# Riser Bar "Upsweep"...



## dirtrider7 (Oct 24, 2009)

Thought I would poll the mtbr collective about upsweep. This applies universally to mountain bikes with riser bars but wanted to ask those here their take if not preference for upsweep with riser bars. Riser bars by nature have to bend up to achieve rise. This isn't a complicated concept but my take on this is...this isn't what the spec of upsweep provided by handlebar mfr's denotes. I believe the spec of upsweep provided by mfr's pertains to the amount of upward angle the handle end points when the bar is mounted nominally. If you think about it, if you rotate the bar in the stem clamp this changes not only backsweep but amount of upsweep. So when a riser bar is spec'ed at say 7 degrees backsweep and 4 degrees upsweep, this means, when the bar is positioned with 4 degrees up bend, it will have a 7 degree rearward bend to horizontal. At least that is my understanding.
Which brings me to the purpose of upsweep. I maybe missing something and perhaps someone can further clarify. Since most riser bars have really three dimensions over an above width... which are backsweep, upsweep and mm's of rise, there must be a perceived benefit of upsweep angle or mfr's would simply spec a bar with backsweep given the ends are not pointing up...the bar being properly positioned horizontally.
Have a look below at the bike Lance Armstrong won Leadville on this past year. I put two yellow lines above his Bonty carbon riser bar he uses. This clearly shows that he rides using the upsweep of the bars. I see an upward angle on many competitors bikes so I am presuming there is some kind of ergonomic advantage to having the bar ends point up like Lance's bike? I would think intuitively bar grips should be horizontal in profile and perhaps have backsweep, but not sure why it is better to point them up a bit. There must be something to it or bars wouldn't be spec'ed with both upsweep and backsweep dimensions.
Thoughts?


----------



## lumpy ex8 (Dec 11, 2007)

You can also vary the amount of reach and rise slightly if you rotate the bars forward or backward a bit.


----------



## dirtrider7 (Oct 24, 2009)

Yup...quite right.
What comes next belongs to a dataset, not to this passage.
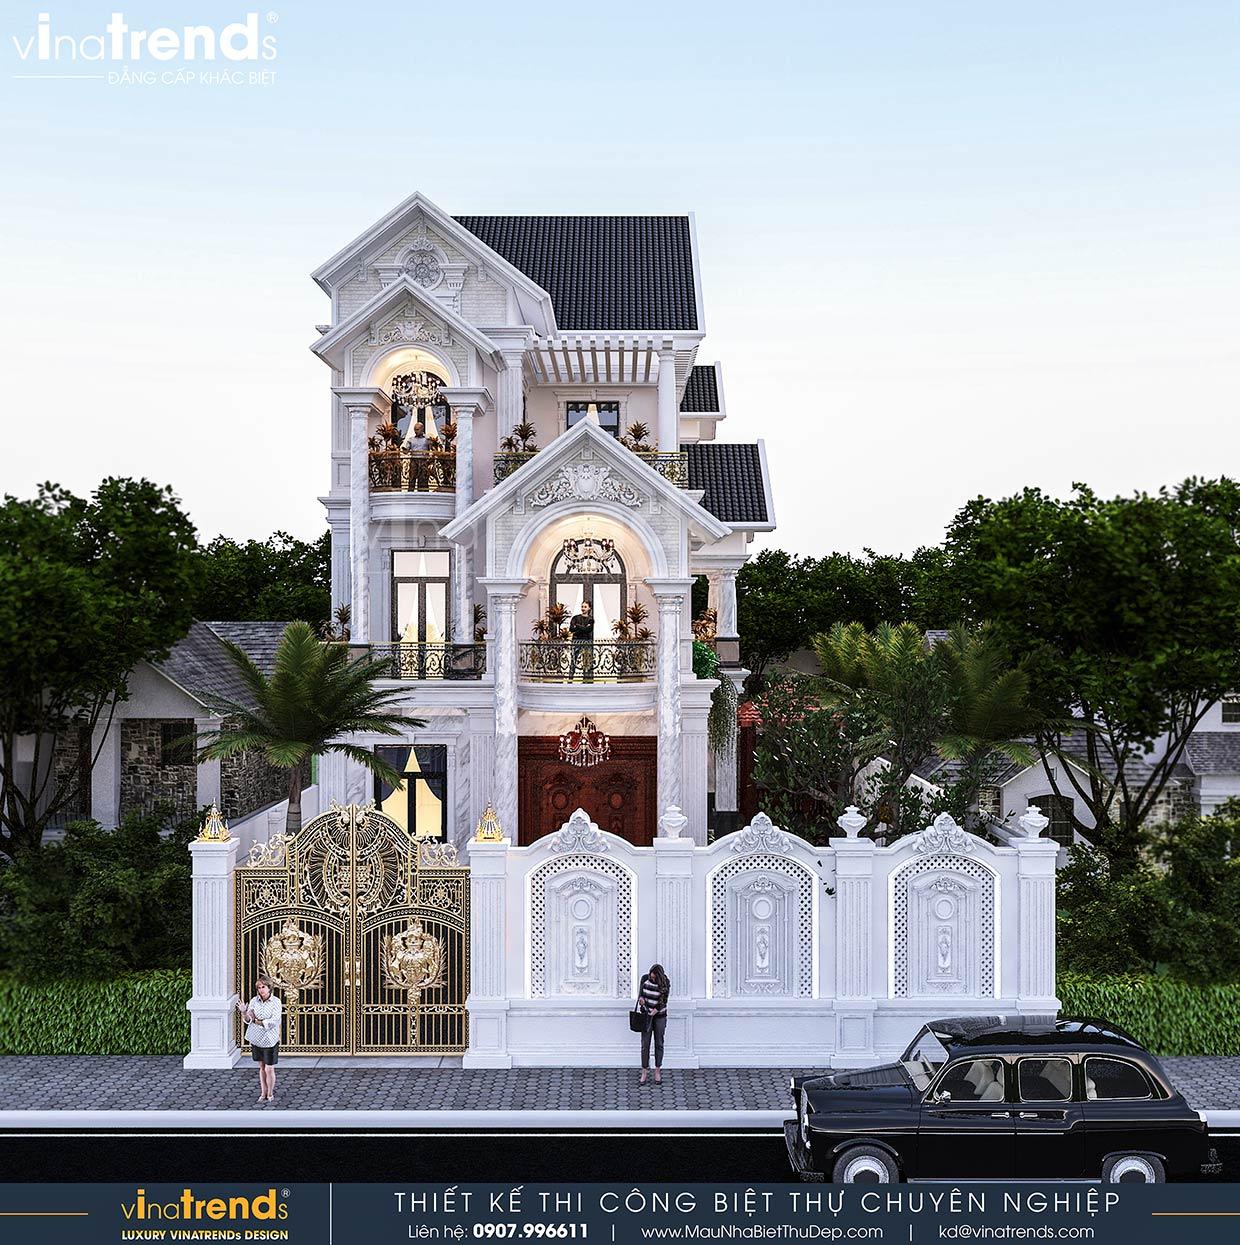 mau nha biet thu 3 tang mai thai dep nhat viet nam 1 50+ mẫu nhà biệt thự cổ điển đẹp đẳng cấp nhiều đại gia Việt đã chọn xây
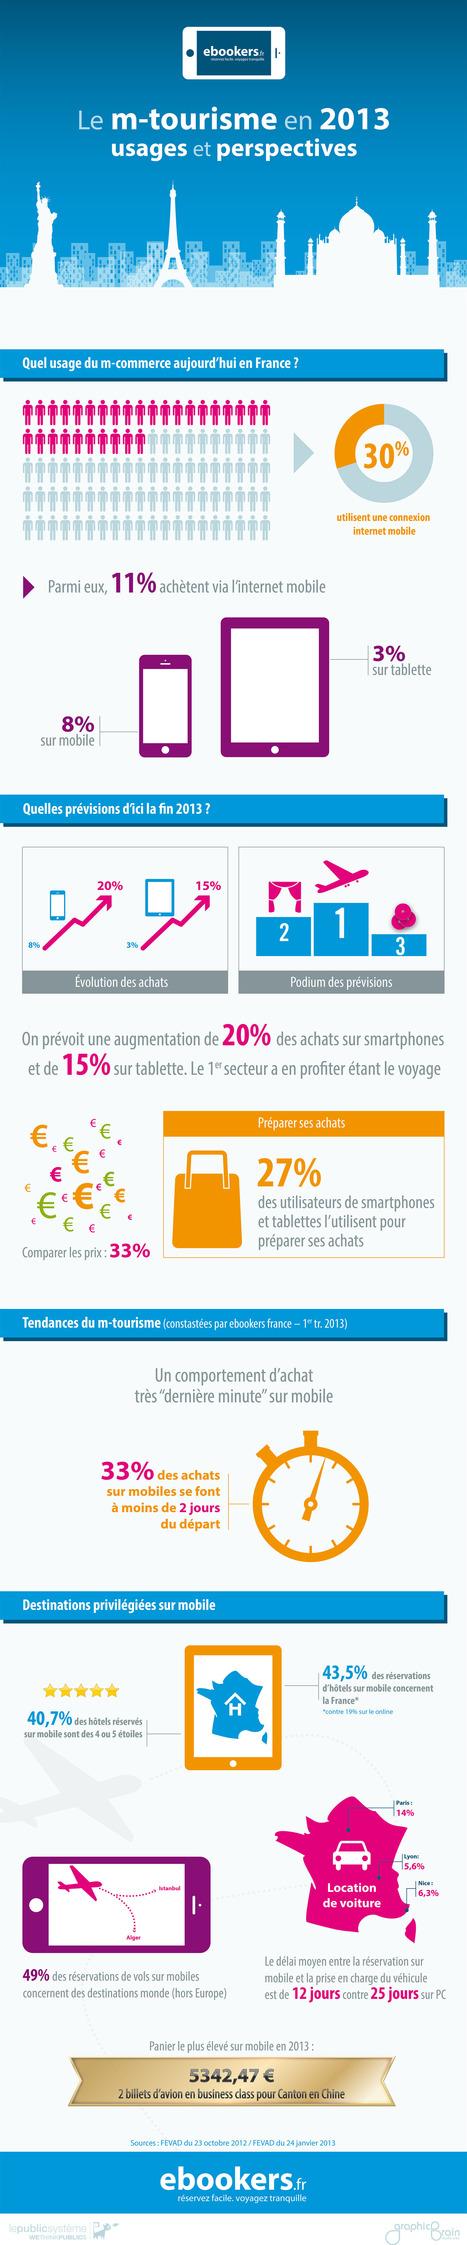 Le tourisme mobile en 2013 | Médias sociaux et tourisme | Scoop.it

One benefit of the popular riser bar. My thought is there must be an ergonomic benefit of spec'ing the bars with an upsweep angle. If I hold my hands straight out without tension, my palms are slightly canted inward which I presume more carefully follows the shape of the grip surface with a slight tilt upward. I believe this maybe the reasoning behind it. This takes the weight off of the inboard side of the hand which would occur if the bars were level with natural rotated angle of the palms. In other words, just like a fractional amount of backsweep best replicates wrist position, apparently the same applies to upsweep relative to natural wrist position in the vertical plane. Only thing I can think of other then the benefit of the hands not sliding off the grips by having them fractionally upturned. This slight upsweep allows the hands to relax tension slightly and not slide off. Both upsweep and backsweep angles are a function of positioning the bar as you say...reach being most notably affected. Most manufacturers suggest as a starting point to orient the rise section of the bar vertically with logo straight ahead which observes the intended bar design. This optimizes the amount of upsweep.


----------



## smilinsteve (Jul 21, 2009)

This is an old thread, but I've been thinking about this upsweep thing since getting my Ritchey WCS carbon lowrizer. 8 degree back sweep, 6 degree upsweep. I don't think I like upsweep, and I think it goes exactly against a natural neutral wrist position which is to have palms facing towards each other slightly, not away from each other. 
So, why do bars angle up like that?


----------



## Emdhappy (Aug 20, 2010)

Just want to add: upsweep is primarily useful when rider is standing, not seated. It allows rider to pull on bars more comfortably especially while descending. Try standing with downswept/flat bars and one finds the wrists take strain... just my experience. Hence riders who sit a lot may like flat bars or other very backswept/downswept bars. Technical riding is benefited by riser bars with upsweep generally (DH bars). Finding the perfect bar is like finding the perfect saddle etc. to some degree (no pun intended).


----------



## mforness3000 (Dec 20, 2004)

flat bars generally don't have upsweep...correct? then why do riser bars have upsweep?


----------



## smilinsteve (Jul 21, 2009)

mforness3000 said:


> flat bars generally don't have upsweep...correct? then why do riser bars have upsweep?


Good question.


----------



## Emdhappy (Aug 20, 2010)

Flat bars of old were generally 3 or 5 degree backswept, some 7 degree maximum. But today 9 degrees or more are common. With a small amount of backsweep the bars were always considered to have no upsweep. However with 9 degree or more backsweep bars one usually does not ride them with the backsweep horizontal/parallel to flat ground, but actually tilt them up so the backsweep is in line with the angle of one's arms.... at least thats the way they are mostly intended to be used. This means that they have some upsweep... So one can take a 9 degree backsweep bar and rotate it upwards so the effective backsweep becomes maybe 6 degrees and the upsweep becomes 2 or 3 degrees, I havent measured but I hope you get my meaning. The latest high degree flat bars are around mainly due to 29ers having a higher front end, and this flat bar mimics a riser bar setup but keeps ones weight lower on the front. Thats the way I see it.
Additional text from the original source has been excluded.